WHAT NEEDS TO BE DONE
Transcribe all data verbatim. Skip the pictures.

PROVIDED MATERIAL
- - - - -

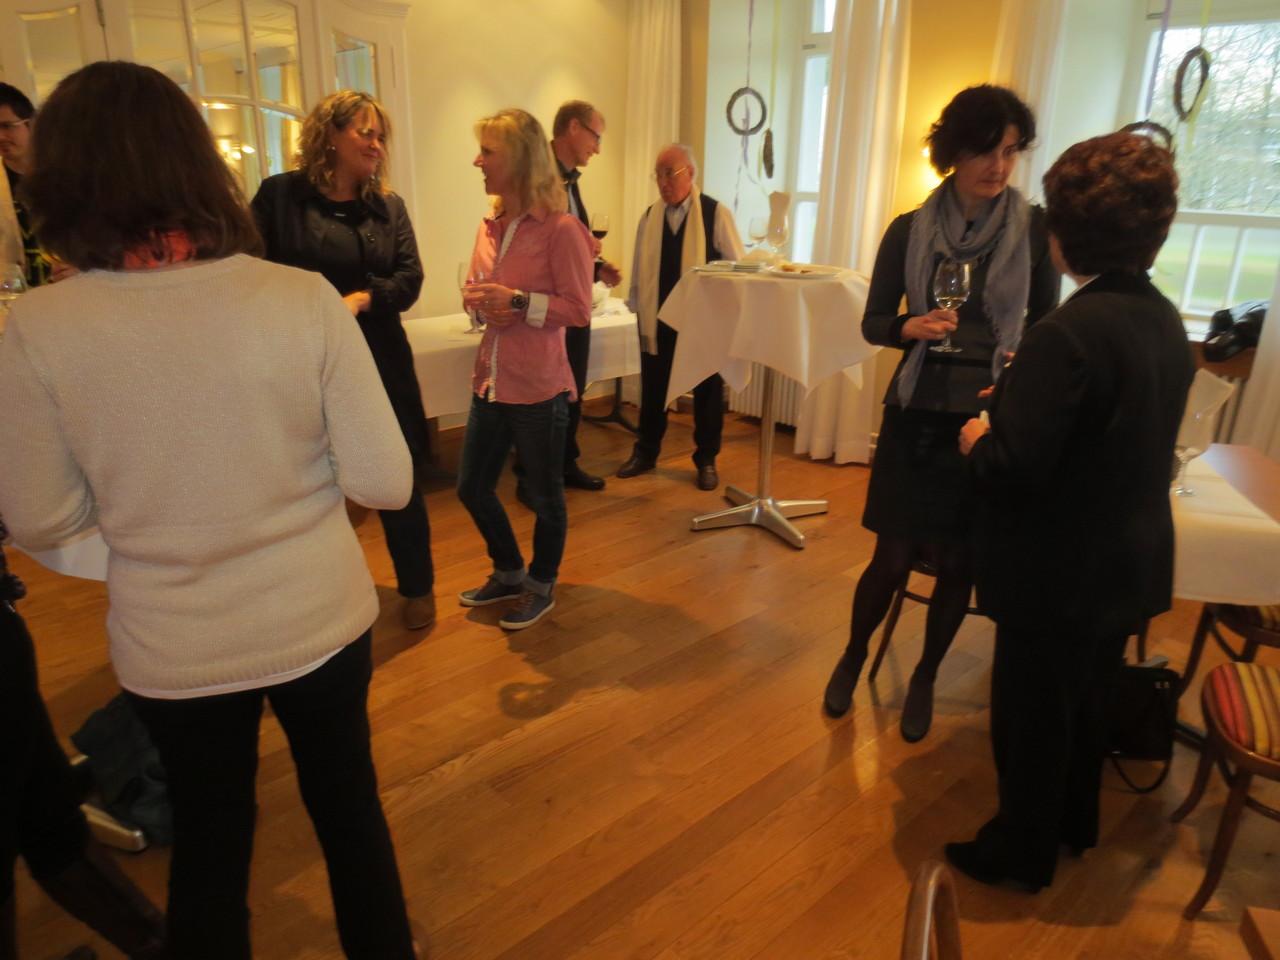 Fröhliche Runde und fachlicher Austausch nach dem offiziellen Teil bei einem Gläschen Wein und gluschtigen Häppchen
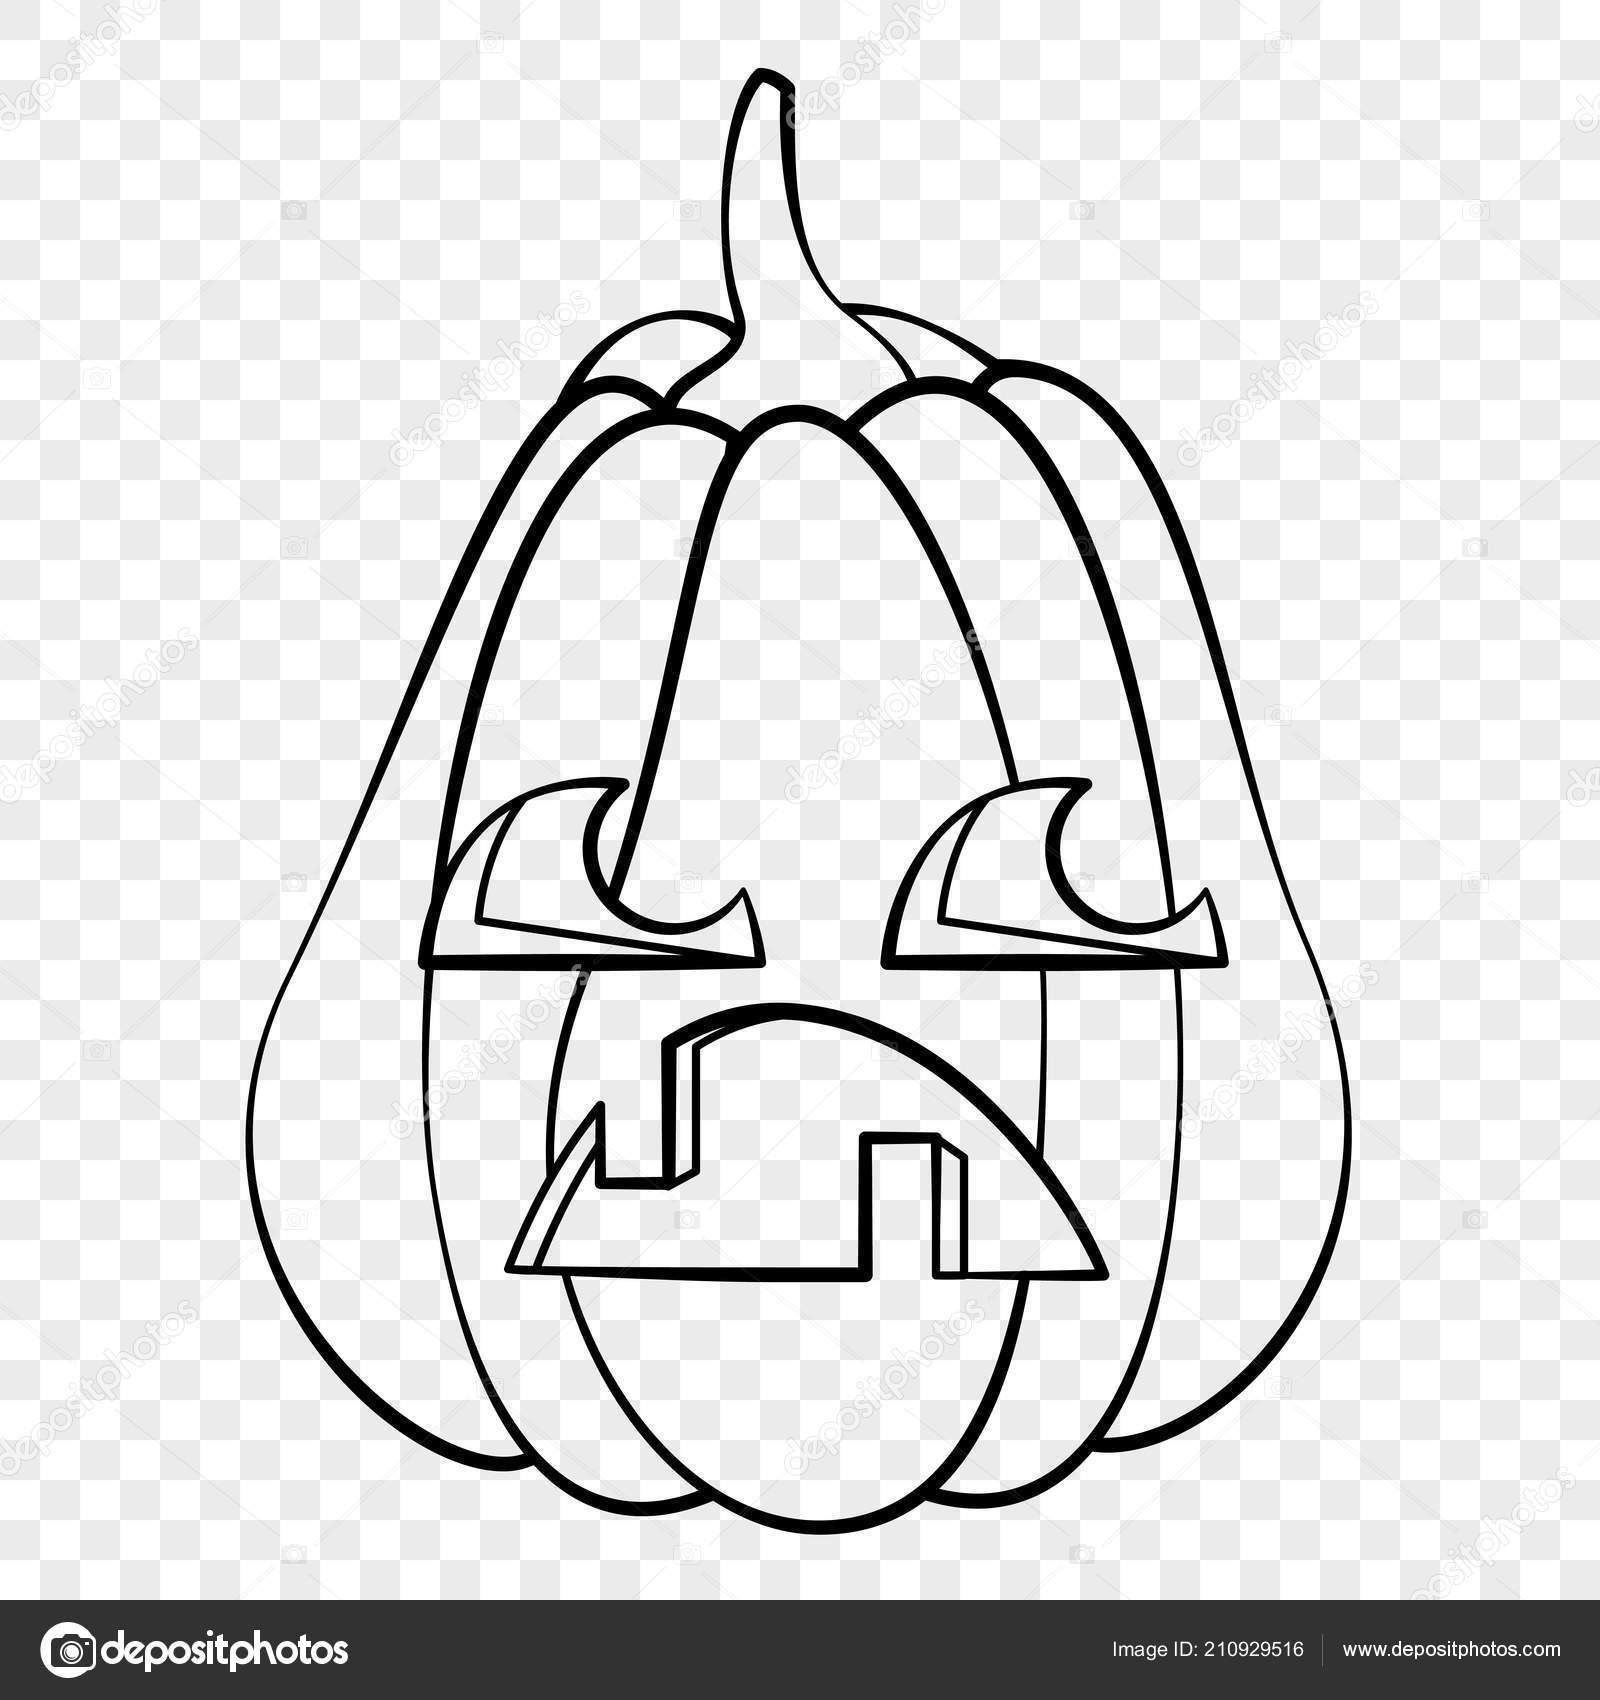 Halloween Tekeningen Pompoen.Droevig Gezicht Halloween Pompoen Emotie Schets Tekening
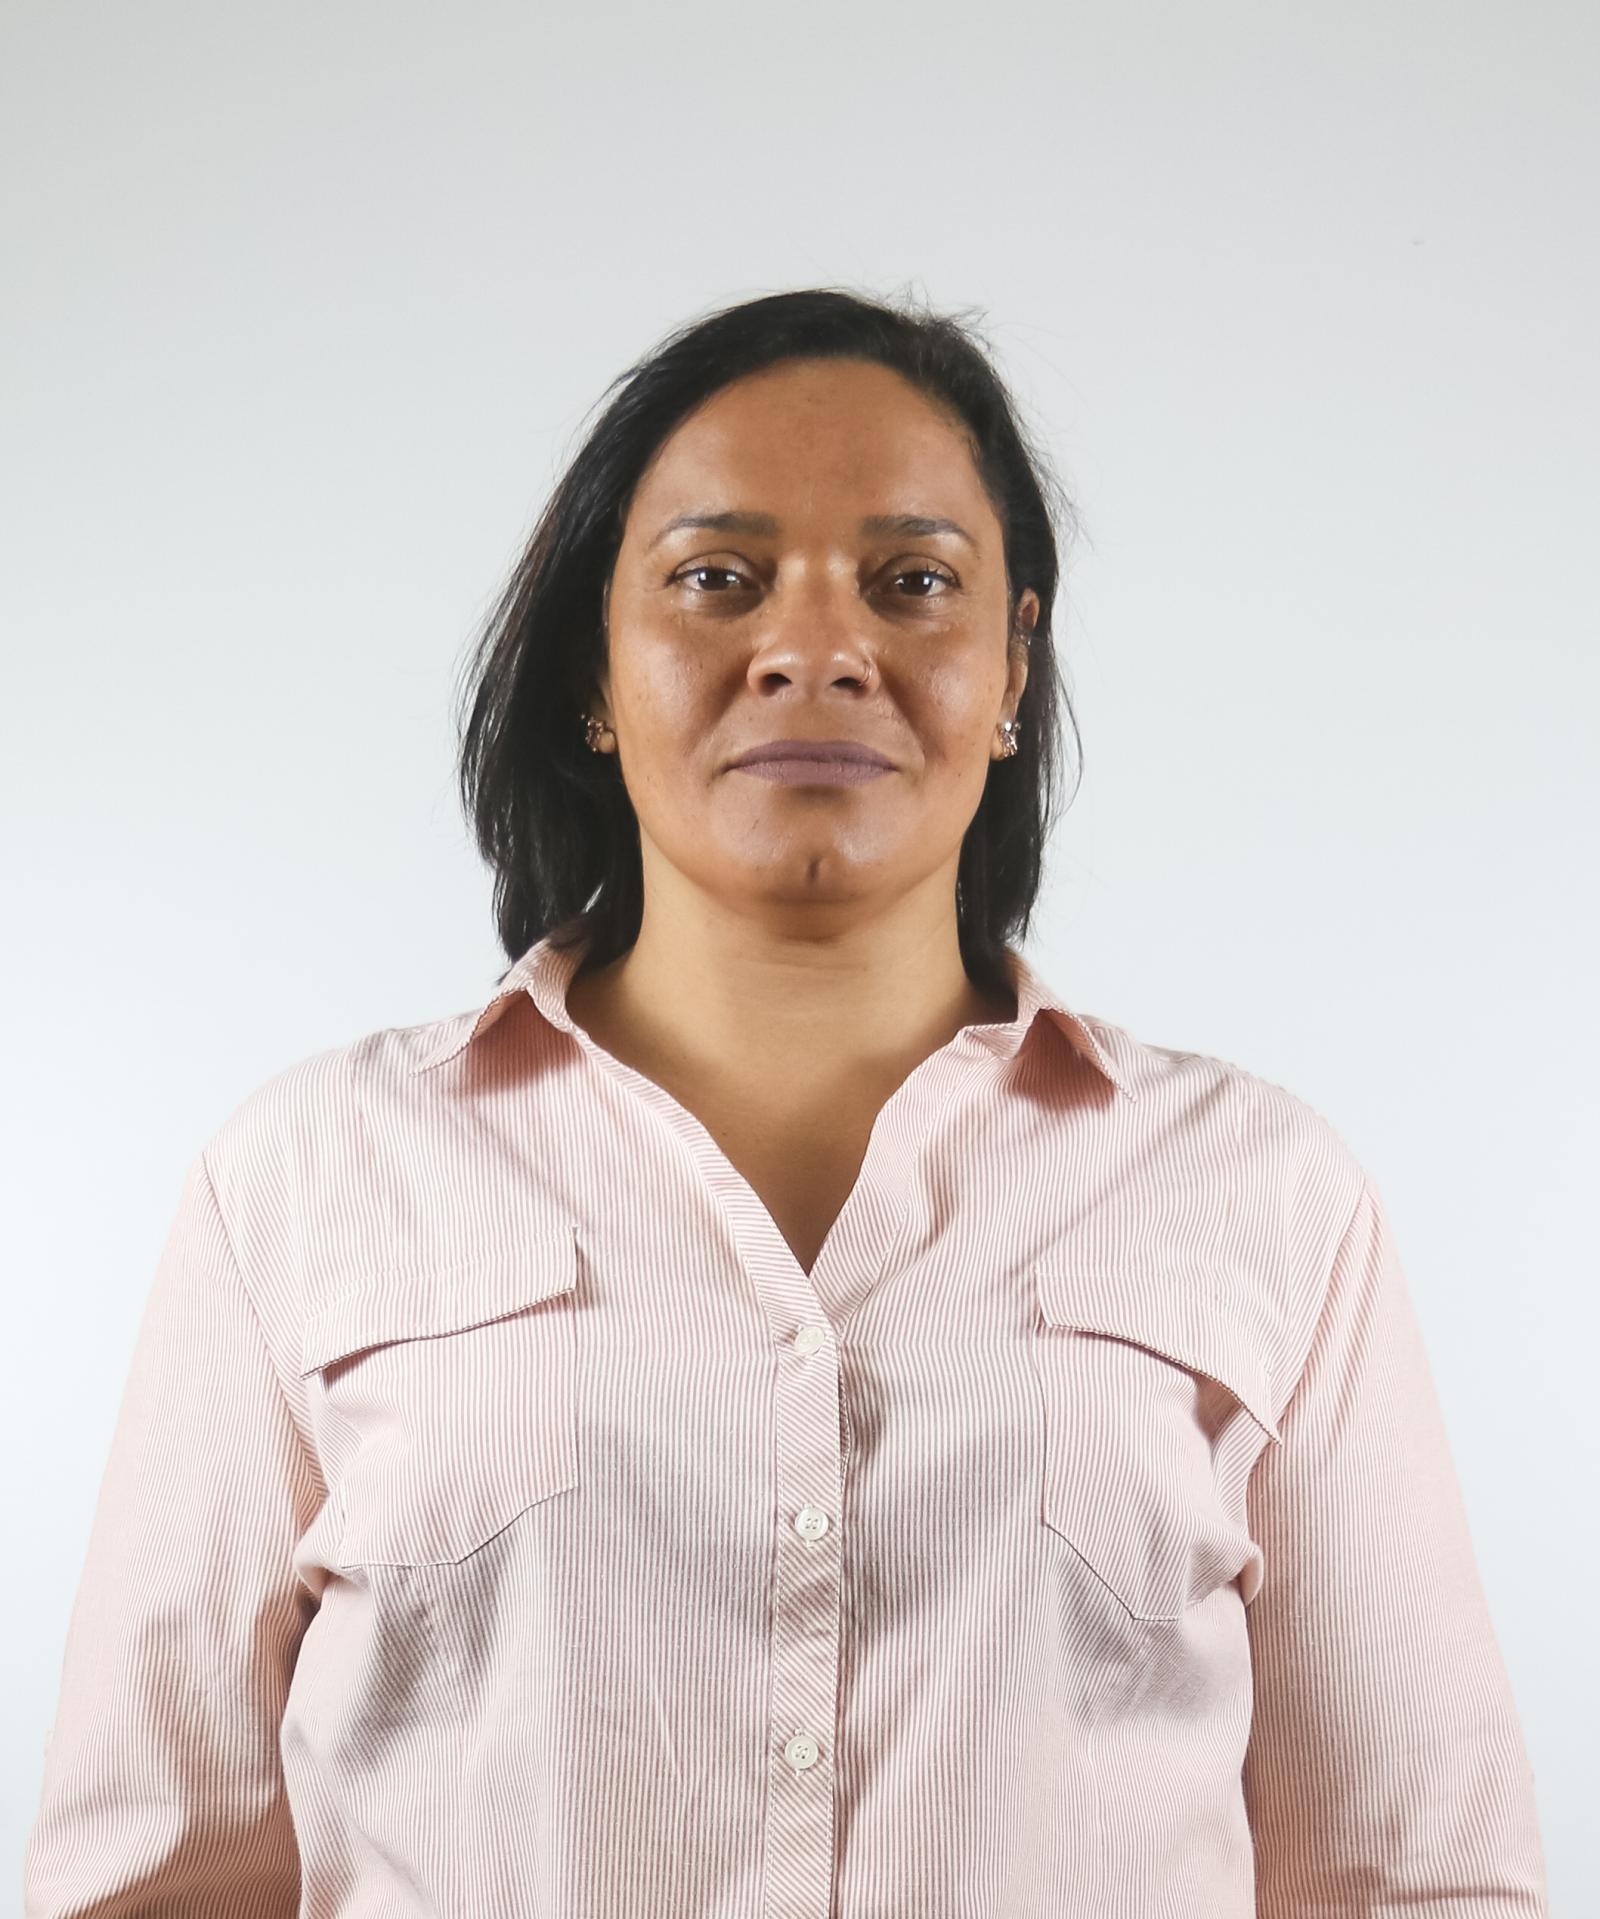 Diretoria Gestão 2019 - 2022

- - - - -

ANSWER TO THIS TASK
 Fröhliche Runde und fachlicher Austausch nach dem offiziellen Teil bei einem Gläschen Wein und gluschtigen Häppchen
 Halloween Tekeningen Pompoen.Droevig Gezicht Halloween Pompoen Emotie Schets Tekening
 Diretoria Gestão 2019 - 2022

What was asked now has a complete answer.